## Greedy Sentiment Transformation
11/13/16 - Use a greedy switching method to exchange words based on best antonym.
Uses the IMDB dataset folder (http://ai.stanford.edu/~amaas/data/sentiment/).

In [1]:
from sentiment_utils import *
import nltk
from nltk.sentiment.vader import SentimentIntensityAnalyzer
from nltk import word_tokenize
from nltk.corpus import wordnet as wn



In [27]:
def greedy_transform_func(filename, review, score):
    sentiment_analyzer = SentimentIntensityAnalyzer()
    tagged_review = nltk.pos_tag(word_tokenize(review))
    transformed_review = []
    for tagged_word in tagged_review:
        if tagged_word[1] in ['JJ', 'JJR', 'JJS', 'RB', 'RBR', 'RBS']:
            #1) get sentiment of the tagged word
            #2) if the sentiment of the tagged word is opposite of the review score
            #3) -get the antonyms of tagged word
            #4) -for each antonym, score sentiment, or pick random sentiment?
            #5) -append antonym
            word_sentiment = sentiment_analyzer.polarity_scores(tagged_word[0])['compound']
            #print tagged_word[0], tagged_word[1], word_sentiment, score
            if word_sentiment*(score - 5) > 0:
                antonyms = get_antonyms(tagged_word[0], tagged_word[1])
                if len(antonyms) == 0:
                    transformed_review.append('not ' + tagged_word[0])
                else: transformed_review.append(antonyms[0])
            else: transformed_review.append(tagged_word[0])
        else:
            transformed_review.append(tagged_word[0])
    return " ".join(transformed_review)

def get_antonyms(word, word_pos):
    all_antonyms = []
    pos_dict = {'JJ': wn.ADJ, 'JJR': wn.ADJ, 'JJS': wn.ADJ, 'RB': wn.ADV, 'RBR': wn.ADV, 'RBS': wn.ADV}
    wn_pos = pos_dict[word_pos]
    for syn in wn.synsets(word, pos = pos_dict[word_pos]):
        for lemma in syn.lemmas():
            if lemma.antonyms():
                all_antonyms.append(lemma.antonyms()[0].name())
    antonyms = list(set(all_antonyms))
    return antonyms

Greedy Test One Review

In [29]:
i = 0
for (filename, review, score) in imdb_sentiment_reader(dataset_type='val', sentiment='pos'):
    if i != 4:
        i +=1
        continue
    print "Original review: "
    print review
    print "Transformed review:" 
    transformed = greedy_transform_func(filename, review, score)
    print transformed
    break

Original review: 
This movie was sadly under-promoted but proved to be truly exceptional.

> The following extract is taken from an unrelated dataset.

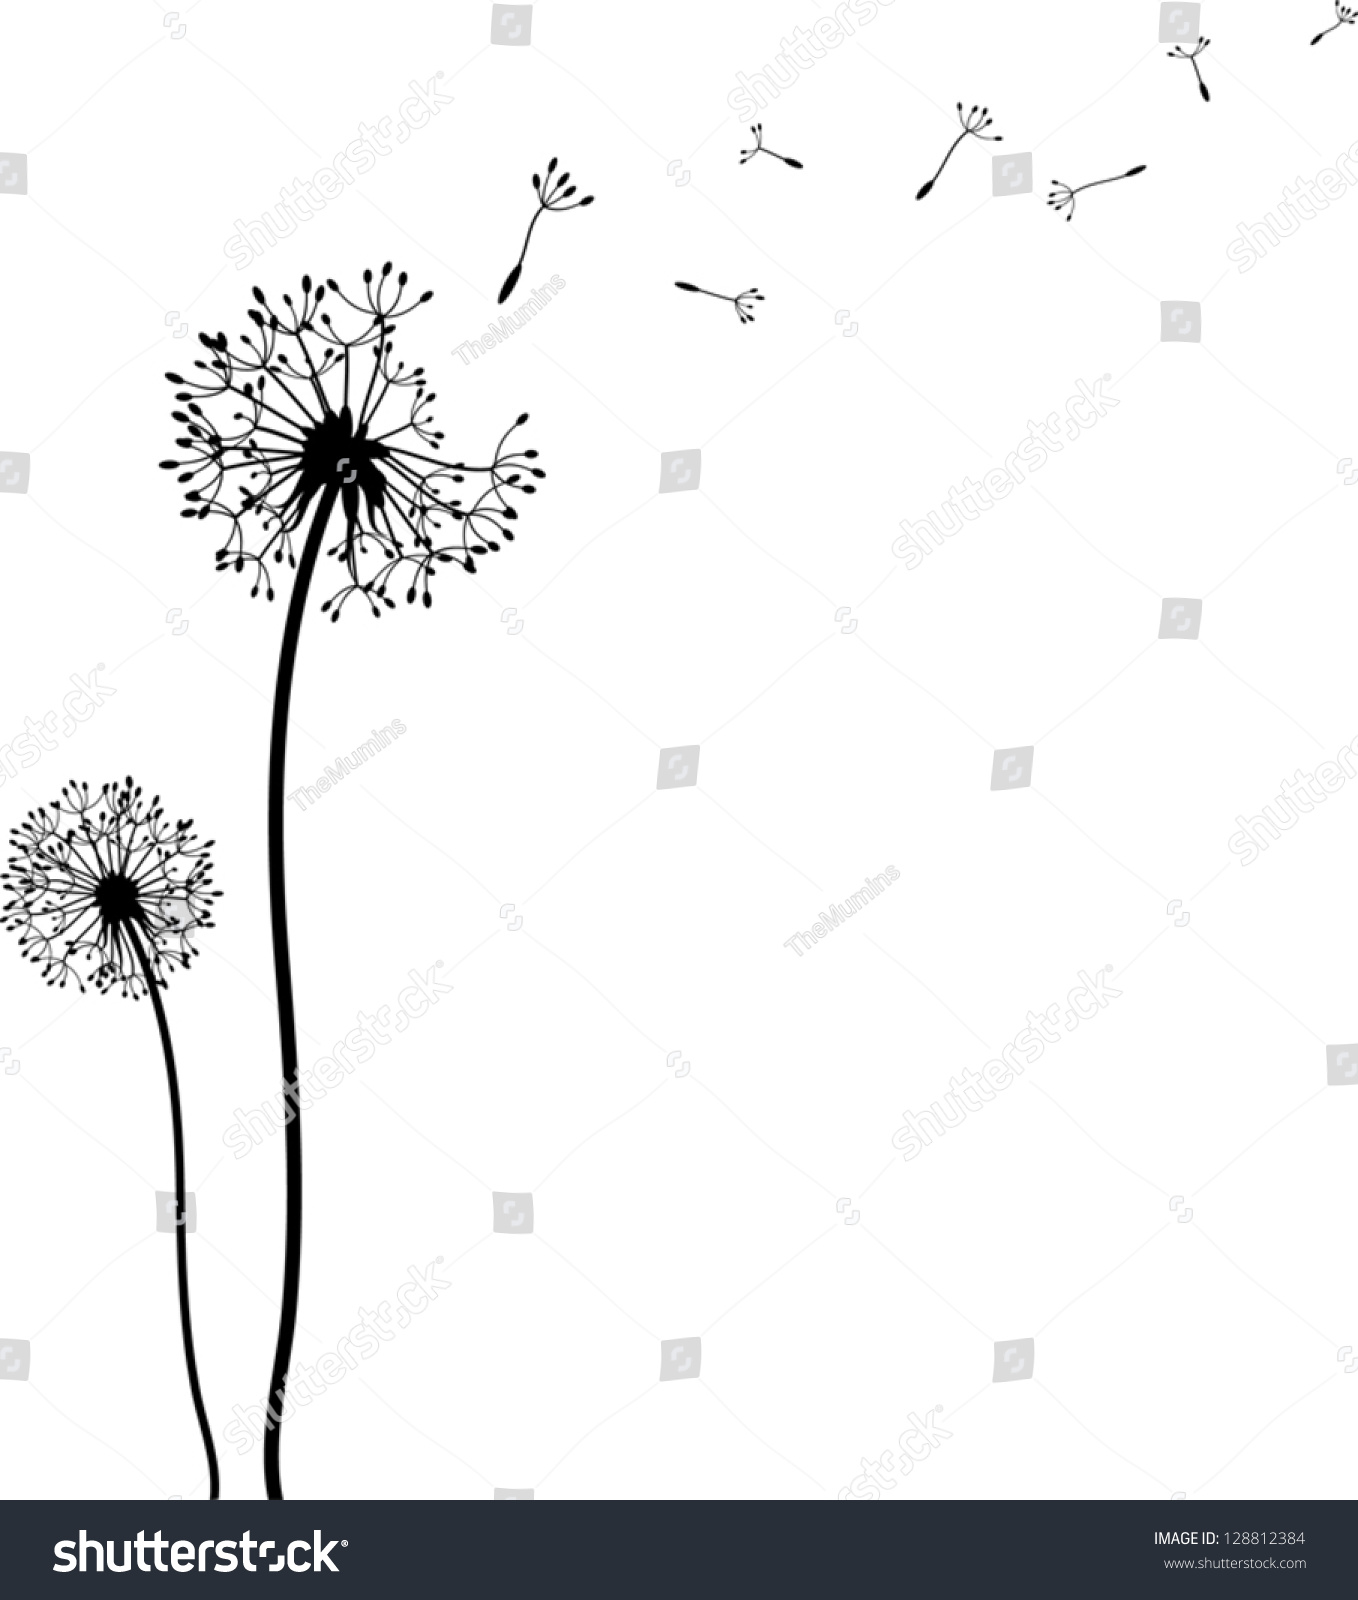 Dandelion clipart dandelion clock. Black and white drawing
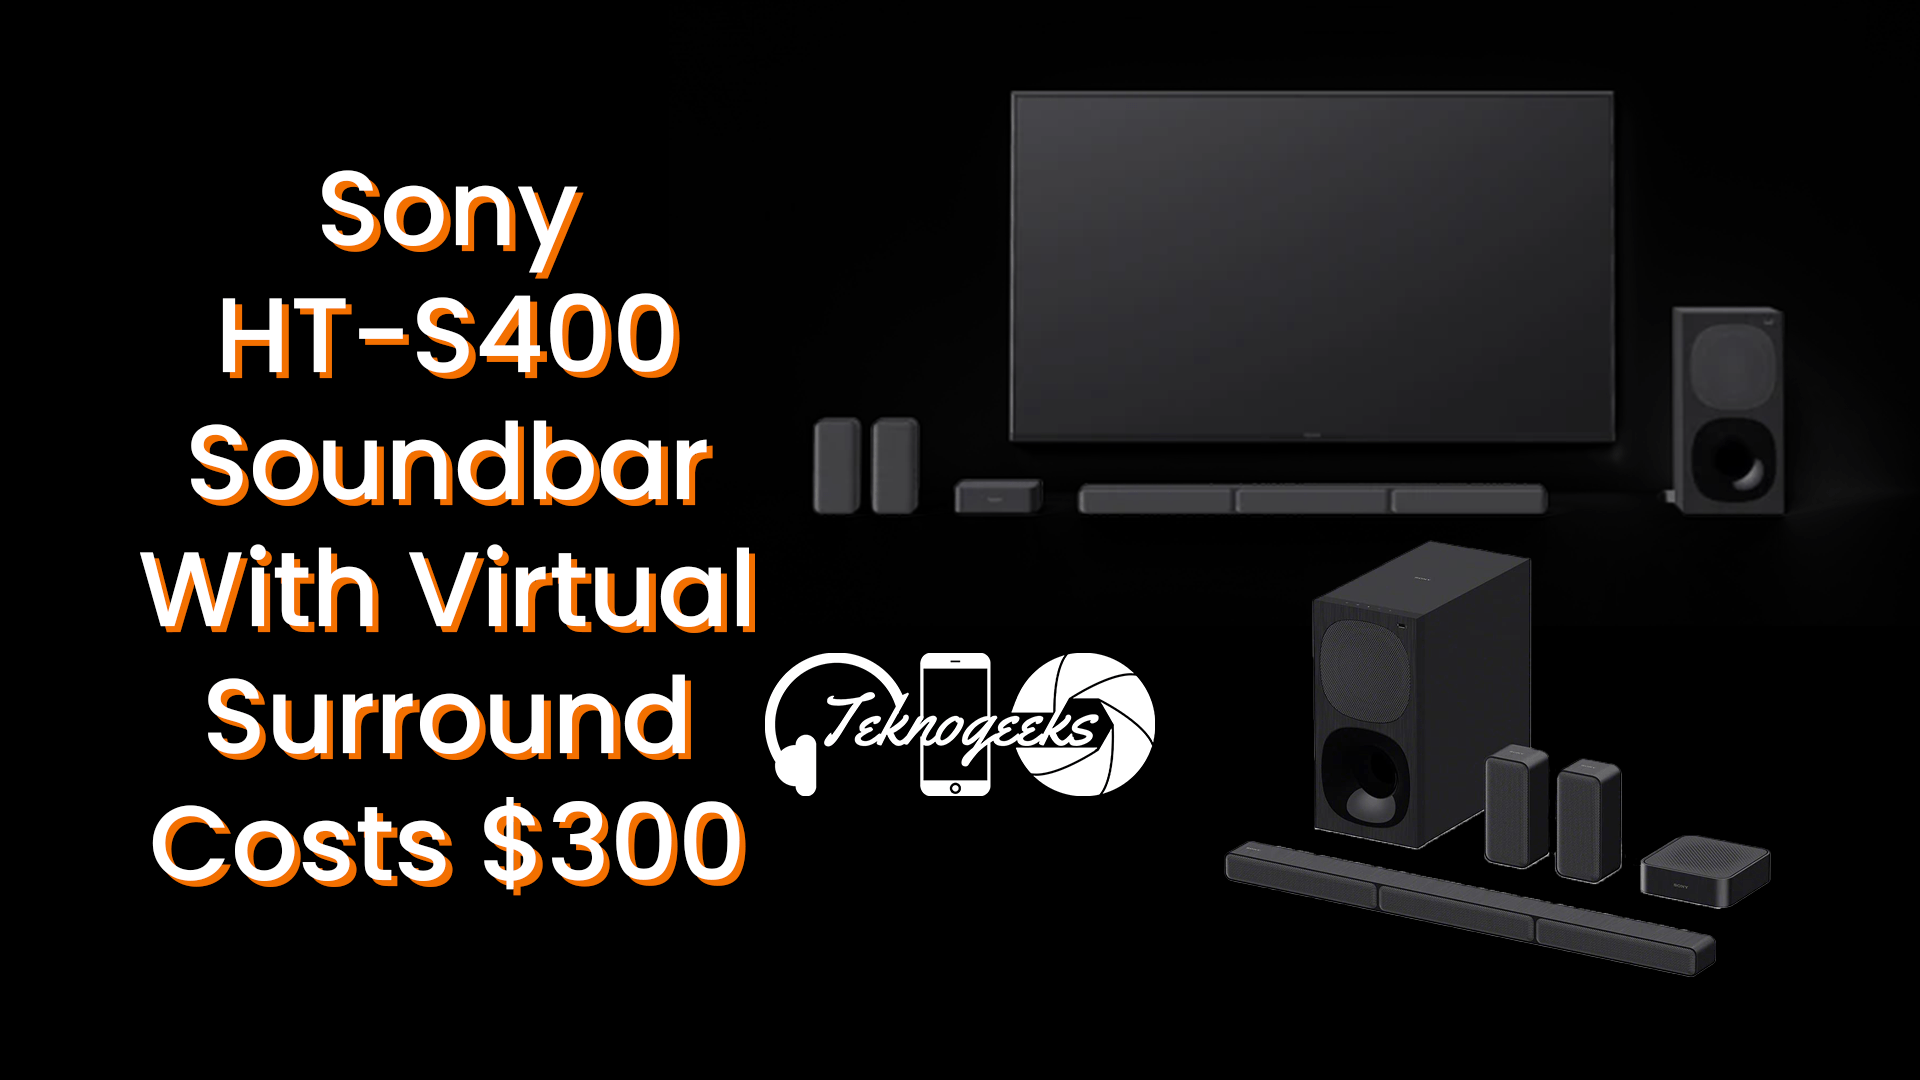 Sony HT-S400 soundbar with Virtual Surround costs $300

Entering the theatre I knew nothing about the film except that a friend wanted to see it.<br /><br />I was caught off guard with the high quality of the film. I couldn't image Ashton Kutcher in a serious role, but his performance truly exemplified his character. This movie is exceptional and deserves our monetary support, unlike so many other movies. It does not come lightly for me to recommend any movie, but in this case I highly recommend that everyone see it.<br /><br />This films is Truly Exceptional!
Transformed review:
This movie was sadly under-promoted but proved to be not truly exceptional . Entering the theatre I knew nothing about the film except that a friend wanted to see it. < br / > < br / > I was caught off guard with the high quality of the film . I could n't image Ashton Kutcher in a serious role , but his performance insincerely exemplified his character . This movie is exceptio

# Rule-Based

In [80]:
def newWord(word):
    ant = get_antonyms(word[0], word[1])
    if len(ant) == 0:
        return "not " + word[0]
    else:
        return ant[0]


def rule_based_trans_func(filename, review, score):
    sentiment_analyzer = SentimentIntensityAnalyzer()
    tagged_review = nltk.pos_tag(word_tokenize(review))
    transformed_review = []

    
    
    i = 0
    appended = False
    
    while i < (len(tagged_review) - 1):
        word1 = tagged_review[i]
        word2 = tagged_review[i+1]
        
        word1_sentiment = sentiment_analyzer.polarity_scores(word1[0])['compound']
        word2_sentiment = sentiment_analyzer.polarity_scores(word2[0])['compound']
        if (word1[1] in ['JJ', 'JJR', 'JJS', 'RB', 'RBR', 'RBS'] or word2[1] in ['JJ', 'JJR', 'JJS', 'RB', 'RBR', 'RBS']): #and (word1_sentiment*(score - 5) > 0 or word2_sentiment*(score - 5) > 0):

            # (adverb, adj/adv) special case
            if word1[1] in ['RB', 'RBR', 'RBS'] and word2[1] in ['JJ', 'JJR', 'JJS', 'RB', 'RBR', 'RBS']:
                if word1_sentiment*(score - 5) > 0 and word2_sentiment*(score - 5) <= 0:
                    word = newWord(word1)
                    if not appended: transformed_review.append(word)
                    transformed_review.append(word2[0])
                elif word1_sentiment*(score - 5) <= 0 and word2_sentiment*(score - 5) > 0:
                    word = newWord(word2)
                    if not appended: transformed_review.append(word1[0])
                    transformed_review.append(word)
                else:
                    w1 = newWord(word1)
                    w2 = newWord(word2)
                    if not appended: transformed_review.append(w1)
                    transformed_review.append(w2)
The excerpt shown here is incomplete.